Der Fall René Kindermann: oder wie sich der MDR als Pressestelle der Sächsischen Polizei bewirbt

Der Fall René Kindermann: oder wie sich der MDR als Pressestelle der Sächsischen Polizei bewirbt

 

Am vergangenen Sonntag berichtete der Mitteldeutsche Rundfunk in seiner Sendung „Kripo Live“ über die Öffentlichkeitsfahndung rund um die Auseinandersetzungen beim letzten Derby im Mai 2022 im Alfred-Kunze-Sportpark. In einem reißerischen Beitrag durfte der Sportreporter René Kindermann die Arbeit von Polizei und Staatsanwaltschaft inhaltlich flankieren. Während im Hintergrund die Fotos von mutmaßlich beteiligten Akteuren durchs Bild liefen, empfahl sich René Kindermann – im normalen Leben seit Jahrzehnten auf dem Feld des genuinen Sportjournalismus tätig – als neuer „Szenekundiger Beamter“ für das Landeskriminalamt: er mutmaßte über die Gründe für die Auseinandersetzungen zwischen Chemiefans und Polizei, konstruierte absurde Rache- und Gewaltideen in Bezug auf den Lokalrivalen, brachte zeitliche wie inhaltliche Abläufe durcheinander: kurzum – er dichtete der bereits fragwürdigen und ideologischen Erzählung von Sonderkommission und Staatsanwaltschaft ein ganz eigenes Narrativ an.

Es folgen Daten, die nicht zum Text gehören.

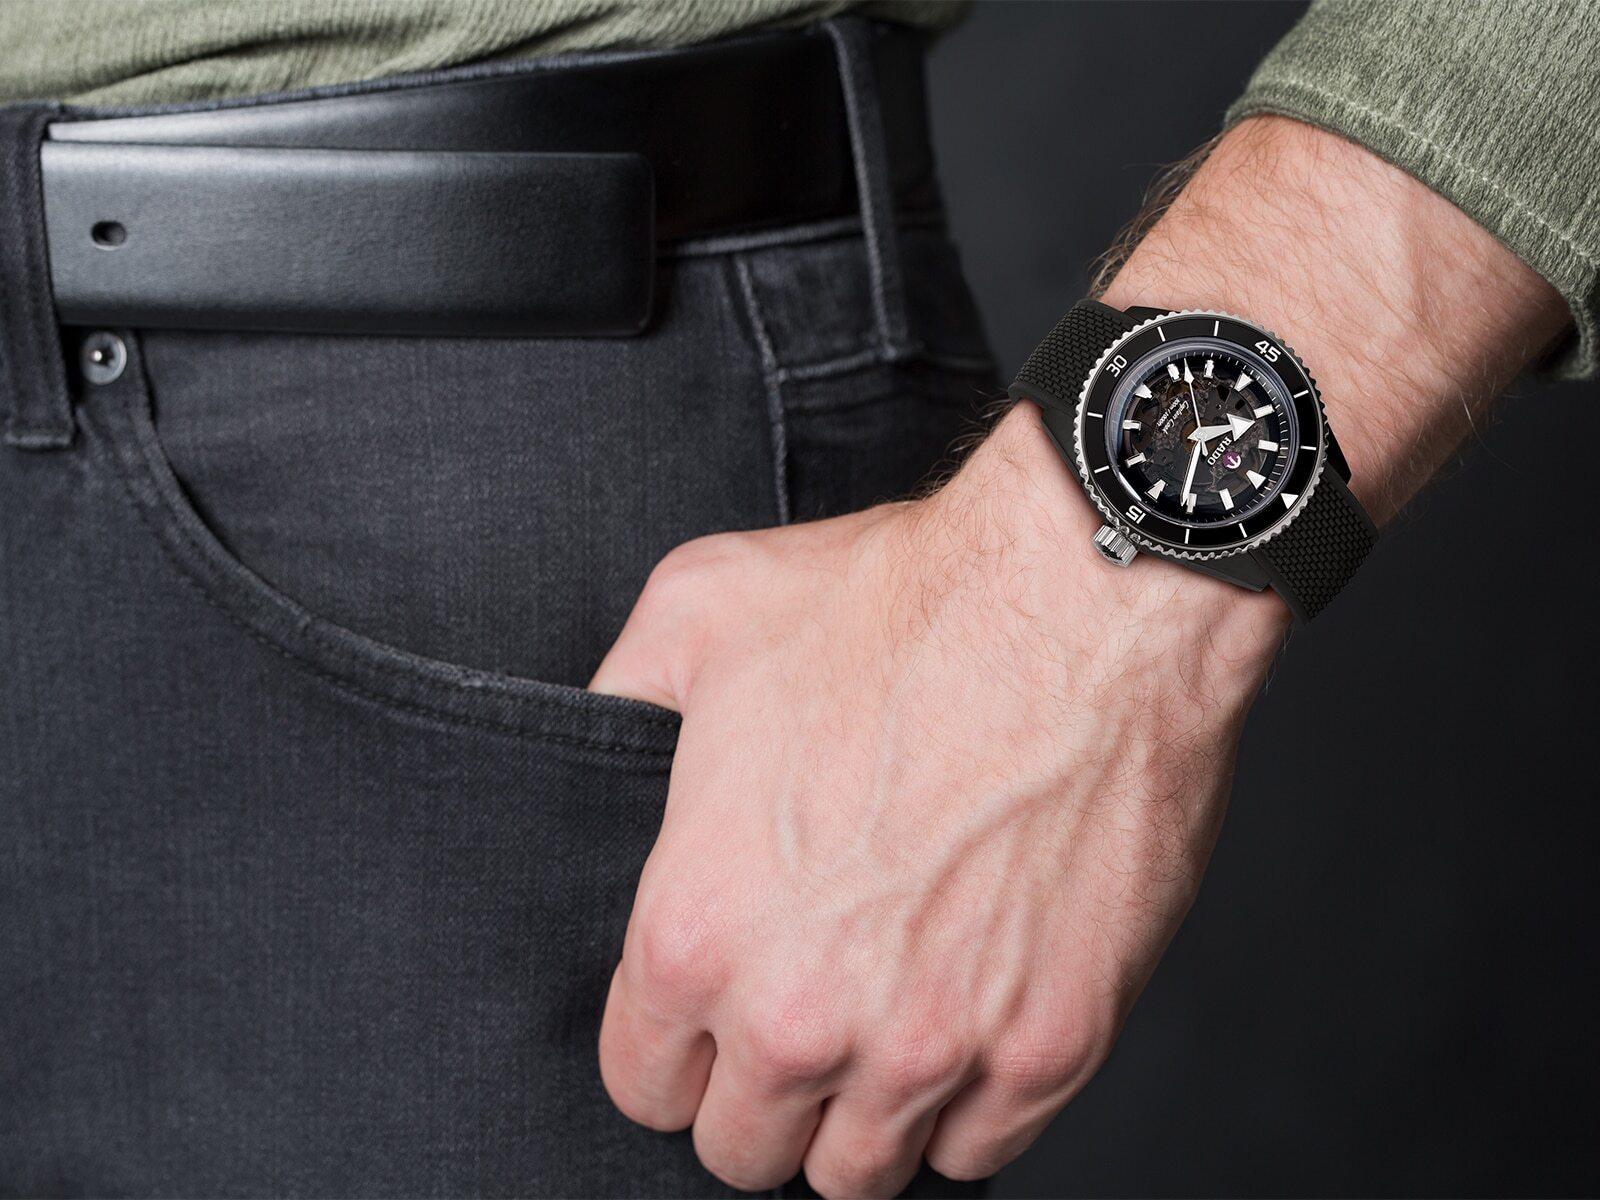 【RADO ラドー】Captain Cook High-Tech Ceramic キャプテンクック ハイテクセラミック(ブラックラバー)/国内正規品 腕時計

Wir als ehrenamtlich arbeitende Fanhilfe der AnhängerInnenschaft der BSG Chemie Leipzig kritisieren hier nicht nur die Naivität und Dummheit von René Kindermann: er hat sich quasi als „neutraler und vermeintlich beliebter“ Sportreporter vor den Karren der Ermittlungsbehörden spannen lassen. Das mag alters- und professionspsychologische Gründe haben. Wir kritisieren in erster Linie den Mitteldeutschen Rundfunk, der mit dem Beitrag rund um die massenhafte Öffentlichkeitsfahndung jedwedes kritisches Bewusstsein eingebüßt zu haben scheint. Dass Fahndungen in dieser Form ein besonders problematisches und in Bezug auf die Grundrechte sehr eingriffsintensives Instrument sind, ist sicherlich auch dem MDR nicht neu. Personen, die mit der Unterstützung der öffentlich-rechtlichen Medien gesucht werden, sind quasi automatisch stigmatisiert und in ihrem beruflichen und privaten Umfeld bloßgestellt. Vor allem gilt dies bei Jugendlichen und jungen Erwachsenen, die bekannter Weise das Hauptklientel im Fußballkontext abbilden. Anstatt also dem Ermittlungseifer der Leipziger Staatsanwaltschaft mit Augenmaß und Zurückhaltung zu begegnen, reiht sich der MDR in die völlig emotionalisierte Debatte rund um die Aufarbeitung des Derbys ein. Weder prüft er die strafprozessuale Legalität noch den genauen Kontext der Ereignisse. Er übernimmt 1:1 die Sicht- und Betrachtungsweise der sächsischen Sonderkommission: zugespitzt könnte man meinen, der MDR sei der verlängerte Arm der LKA-Pressestelle.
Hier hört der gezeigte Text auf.